I think my program's average length is something like 5-6 years. 3 years course work and then you work on your research until you are finished!
 
Grounded theory is an epistemological crock really. It comes from the time when qualitative researchers were saying "look everyone, we are rigorous too, just like the number crunchers." The idea that your codes come purely from your data is an inductivist fable. I try to avoid methodological niches like this ("I'm using an X method approach" or whatever). I'm doing qualitative work. That's enough for me.

ebola? said:
And you guys don't begin with theory coursework? Odd...

Yeah that's how it is in Australia. Three years, and you have to learn all your theory by yourself, and write the thesis (and publish) in those three years. My understanding is that the quality of Australian theses is internationally competitive, but I'm not sure where I stand on the coursework idea overall.
 
Grounded theory is an epistemological crock really. It comes from the time when qualitative researchers were saying "look everyone, we are rigorous too, just like the number crunchers." The idea that your codes come purely from your data is an inductivist fable. I try to avoid methodological niches like this ("I'm using an X method approach" or whatever). I'm doing qualitative work. That's enough for me.

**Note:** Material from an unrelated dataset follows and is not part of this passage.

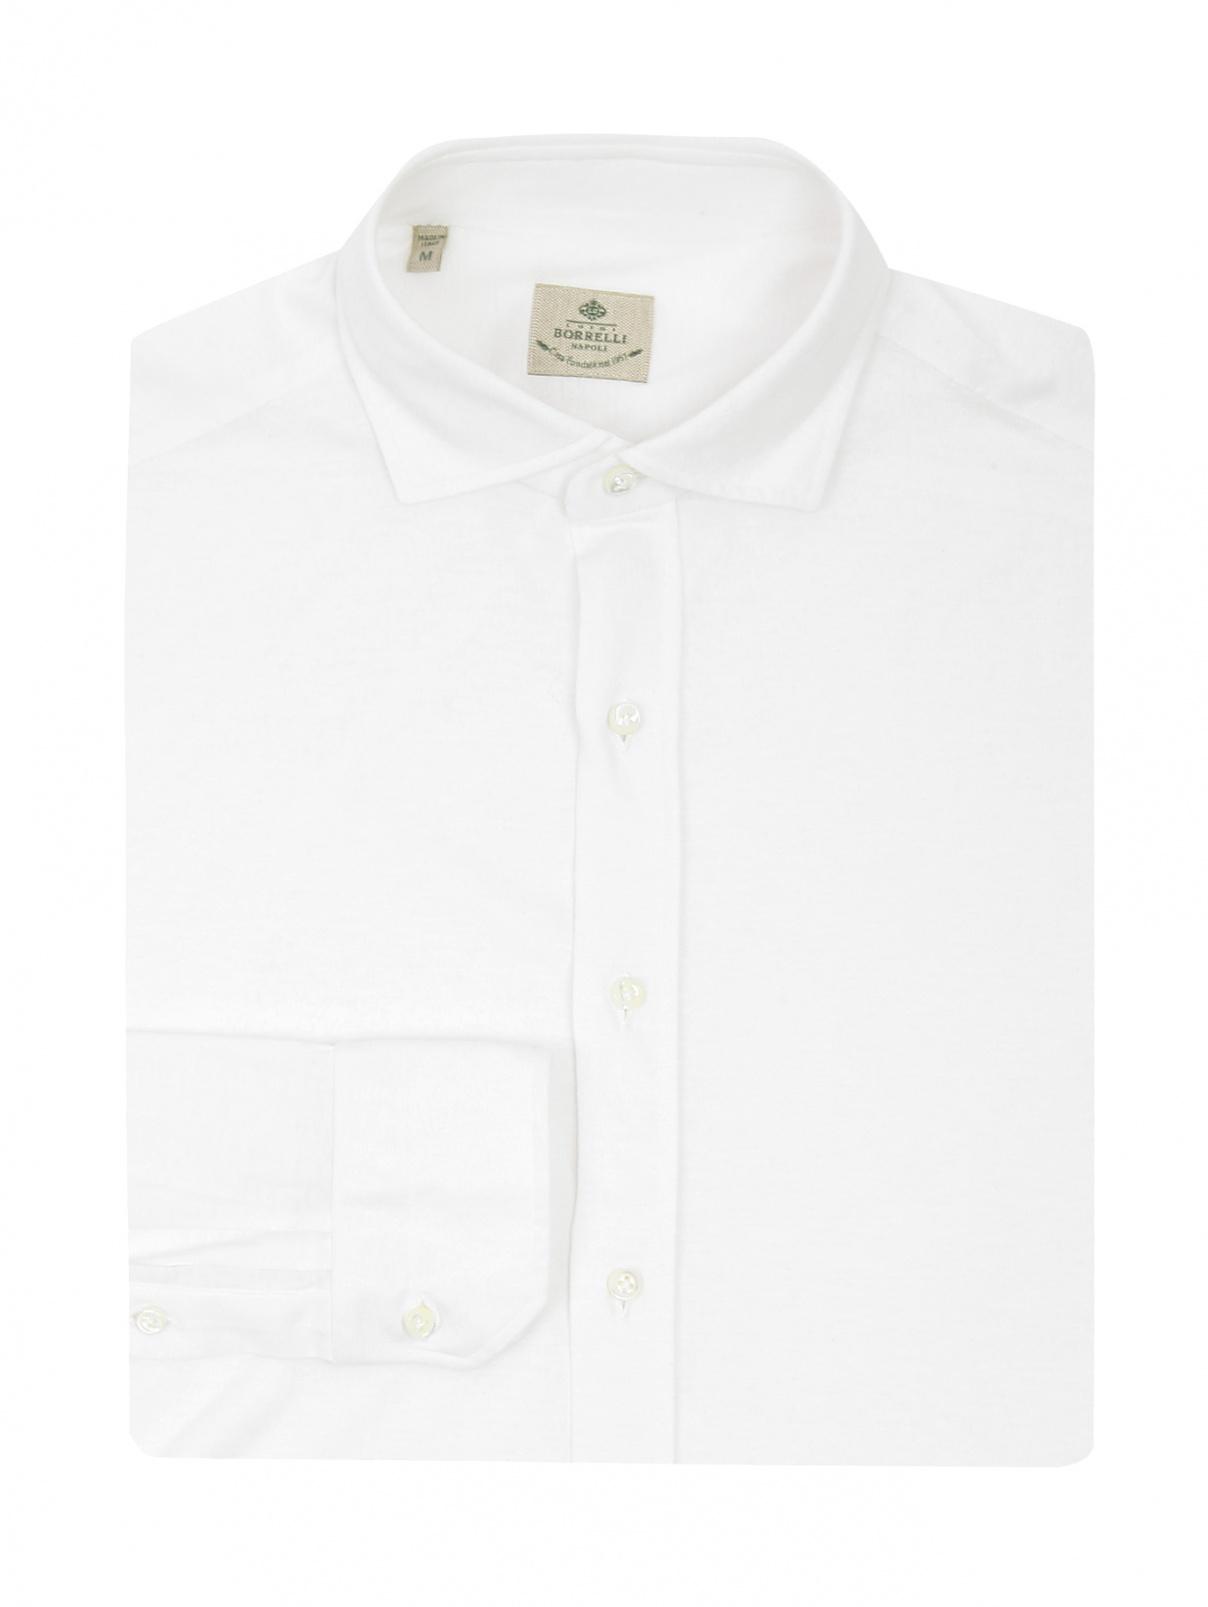 Рубашка из хлопка Borrelli  –  Общий вид  – Цвет:  Белый
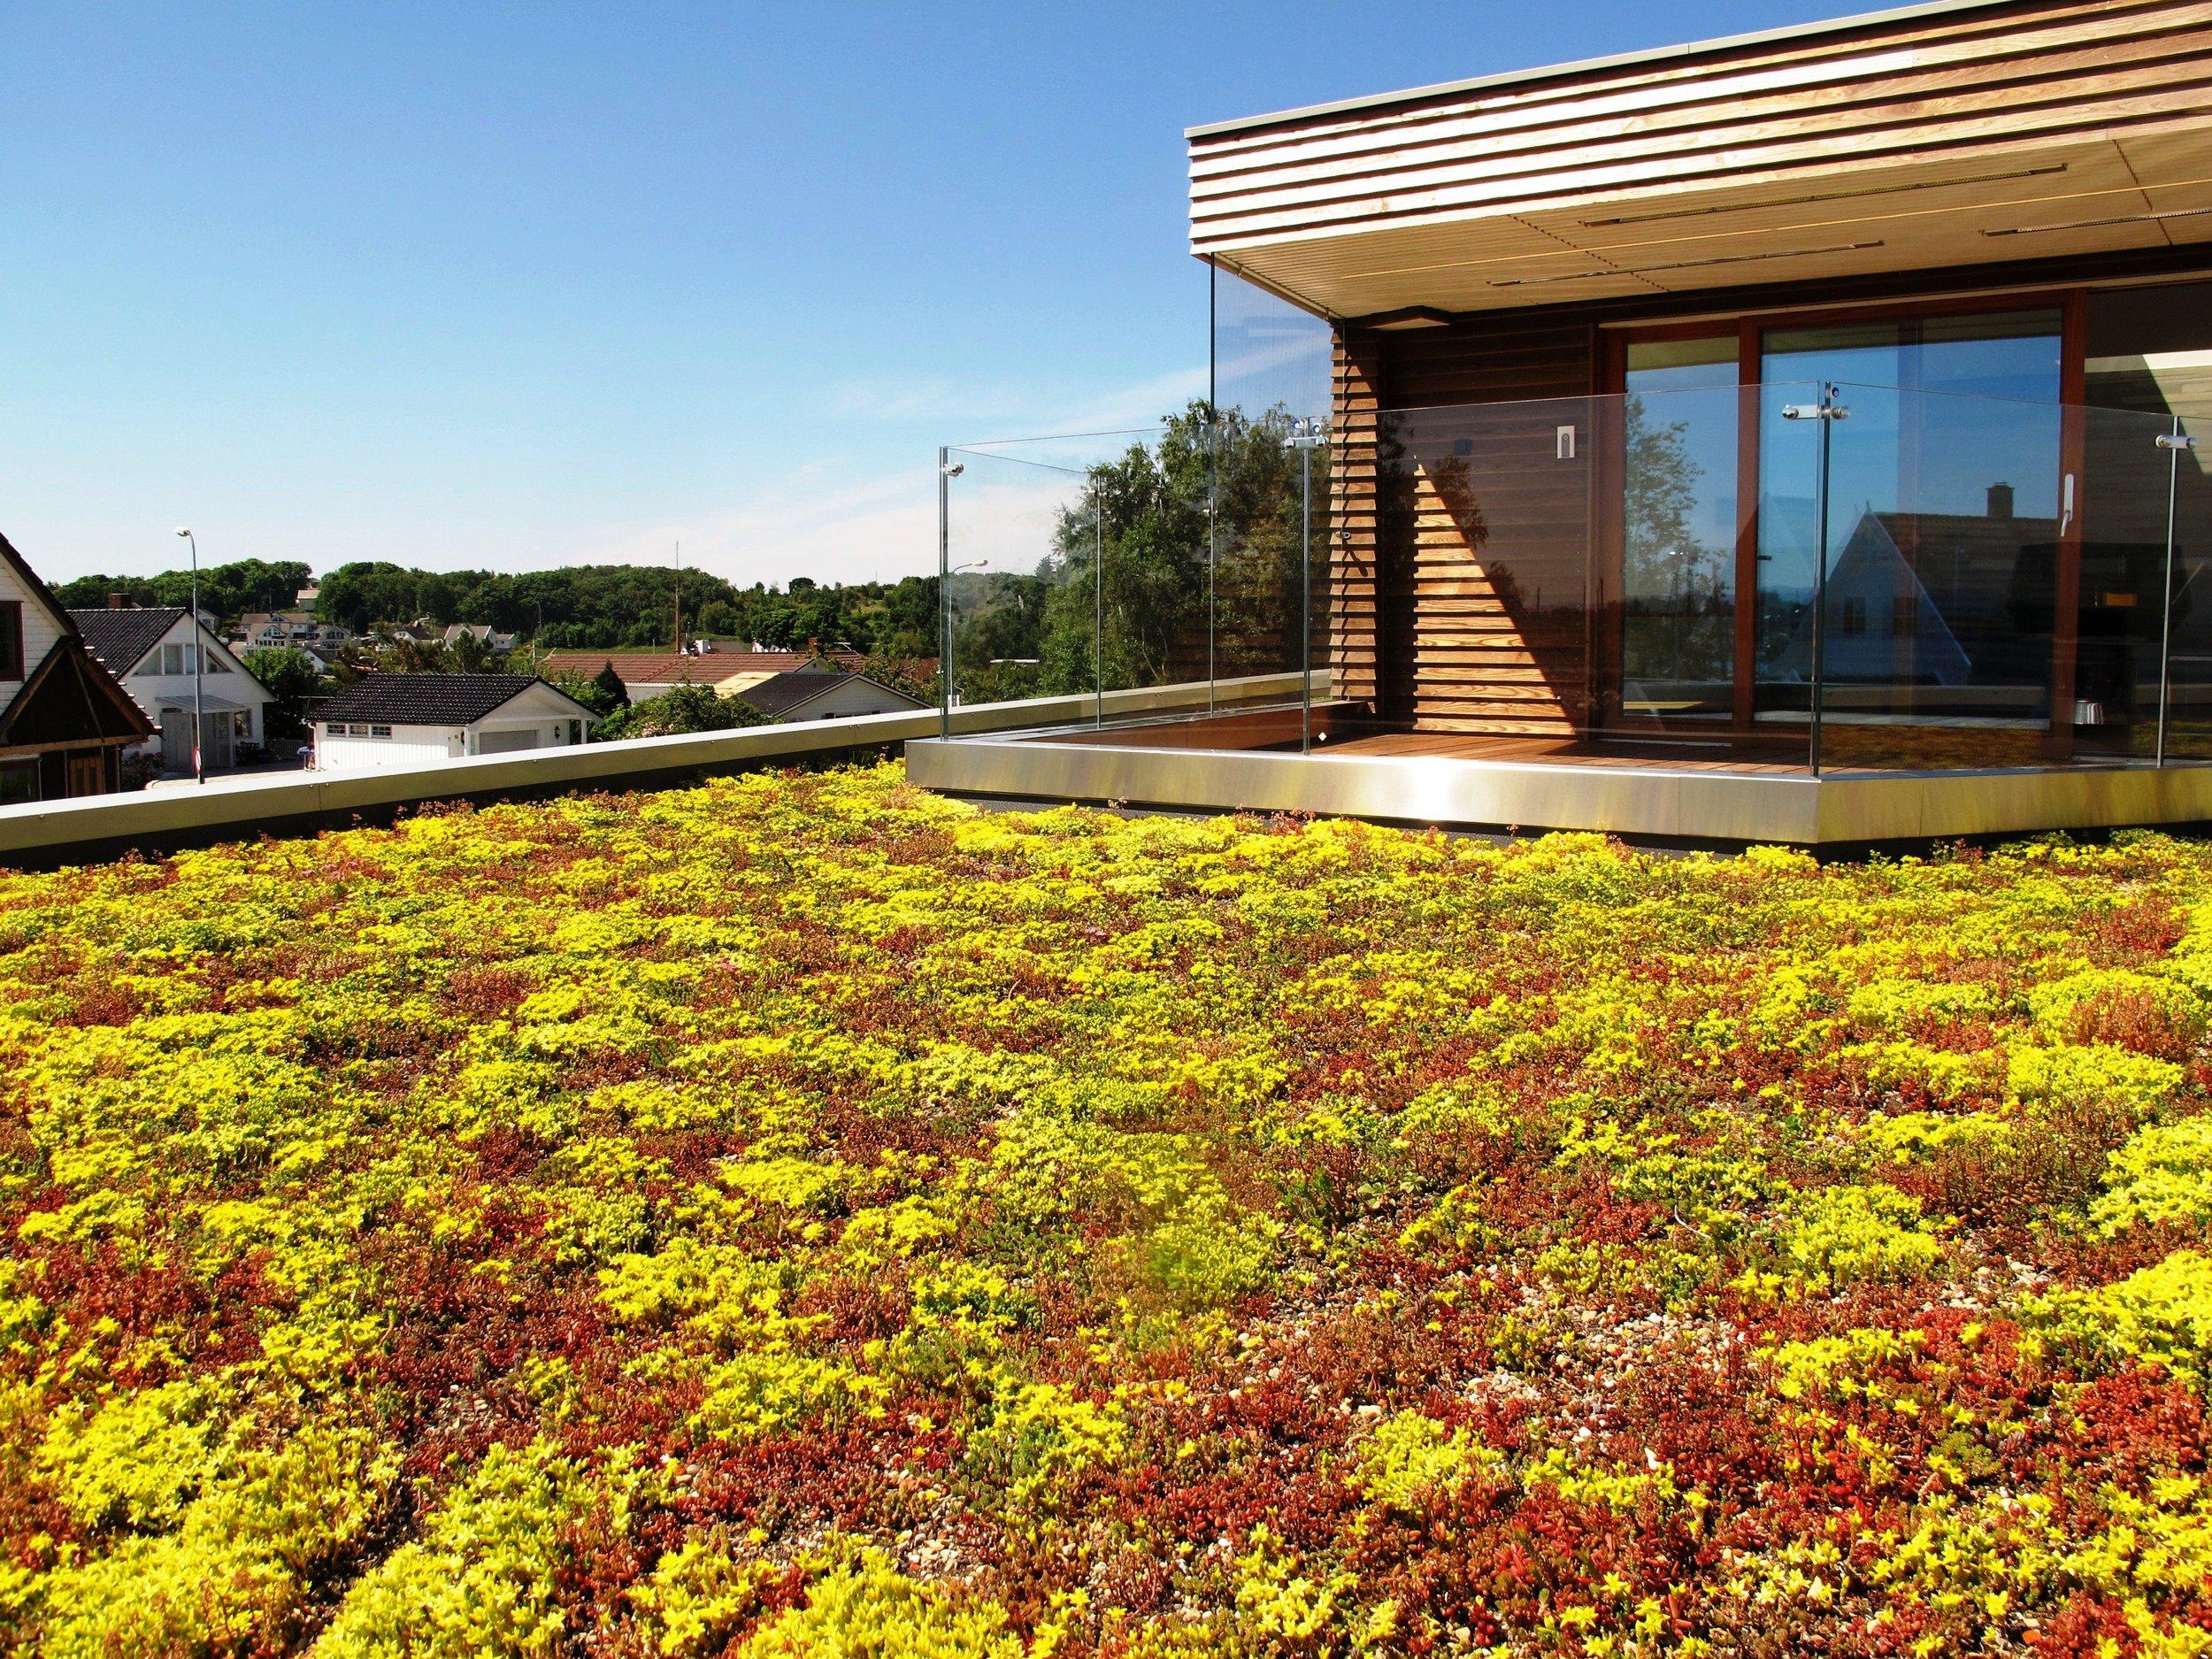 Urbane uterom kan bygges som vakre, skjermede takhager. Dette hever trivselen, forbedrer miljøet og fordrøyer overvann.

I agree (mostly) with this statement. However, it would make my life even harder if I just told the IRB and my advisor that I am just doing "qualitative work." So I play the game and tell them something open enough to give me theoretical and methodological wiggle room but "understandable" enough to get me into the field. I have already had problems with one of the research gatekeepers for saying I want to do a grounded theory ethnography and my research proposal too theoretically.
 
Oh right yeah IRBs. Well they don't know anything about epistemology. You can just feed them whatever bullshit sounds acceptable and then do it properly later on. Ultimately it makes no difference, if they want a buzzword like 'grounded theory' then they can have it.